I’ve got two problems related to running MOM6 on Setonix:
After running up to 31st December of year one (1991), it won’t start a new run crossing over to year two, outputting the error:
FATAL from PE 2091: diag_manager_mod::register_diag_field: file=ocean_month_z: Invalid date. Date=1992-02-31 00:00:00
This happens even when trying to run a single day. I have suspicions that it’s potentially due to how I’ve run the first year - rather than single monthly run-increments, it’s been messy and staggered (e.g., run 5-days here, run 3-months there). This was due to troubleshooting and also the following payu error…
Payu doesn’t listen to arguments given after payu run (e.g., payu run -n 3). This is working fine for @ChrisC28 on the same machine so I might’ve done something along the way to disable this accidently.
Has anyone come across either of these errors in the past?
We are using the “NO LEAP” calendar, with JRA55-do RYF forcing.
(base) jreilly@setonix-01:/software/projects/pawsey0410/jreilly/eac_003_v5_copy1> payu run -n 2
payu: warning: Job request includes 118 unused CPUs.
payu: warning: CPU request increased from 6154 to 6272
sbatch -A pawsey0410 --time=06:30:00 --ntasks=6272 --exclusive --ntasks-per-node=128 --wrap="/software/setonix/2022.11/software/cray-sles15-zen3/gcc-12.1.0/python-3.9.15-xjiu6sfxngs3gl5nmq6sqxlicihla66p/bin/python3.9 /software/projects/pawsey0410/jreilly/setonix/python/bin/payu-run"
Submitted batch job 1973498
The first two lines are from some debugging Chris and I were doing. There were also some other issues that Chris had fixed previously, related to strict specification of number of tasks/node and number of nodes that you might see different to the gadi version.
Separate installs, but as far as I can tell they are the same. I just wasn’t entirely sure how to point to Chris’ install in my conda environment. I tried conda-develop /path/to/chris/payu/library/ which didn’t seem to work.
Myself and Chris have been weighing up whether it is worth the effort persisting with payu here as it has been a bit of a headache for the past few months. And especially when we start to look at setting up IAF configurations, I anticipate a lot more challenges. Any advice on alternative approaches? Or best ways forward?

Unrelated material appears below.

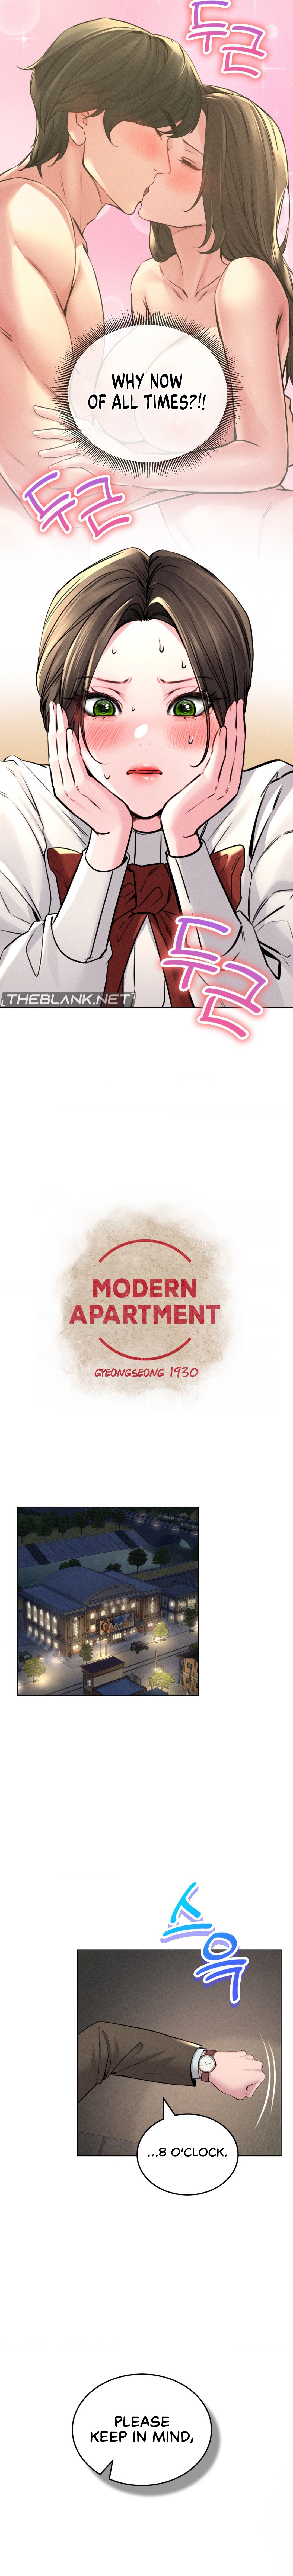 Modern Apartment, Gyeongseong 1930 NEW image

As far as "not listening to command line arguments like -n 2, payu passes information like number of runs remaining to subsequent submissions via environment variables
If there was anything interfering with environment variables in your job submission that might be culprit.
It’d be a damn shame to have come this far and drop it now.
I don’t know what the plans are for ACCESS-NRI supporting users at Pawsey, but it is not an impossibility, and we’re about to get an influx of new staff in the next few months so resourcing some assistance is on the cards if we were to go down that route. I don’t want to give you false hope, but there is a glimmer …
As far as alternative approaches, I don’t really have a good suggestion. It needs someone to log in and take a gander, and I’m afraid I just don’t have the time to do that these days. Maybe if you asked @angus-g really really nicely he’d take a look.
Thanks for that direction Aidan. I’m going to spend some time understanding the workflow of payu a bit more, then it might be good to catch up with @angus-g some time soon to find what’s tripping things up. Angus, if it’s alright with you, I’ll message you directly when I know enough to at least follow along with what you might think the problem is. Maybe we could catch up over zoom with @ChrisC28 for a quick discussion on best way forward on Setonix?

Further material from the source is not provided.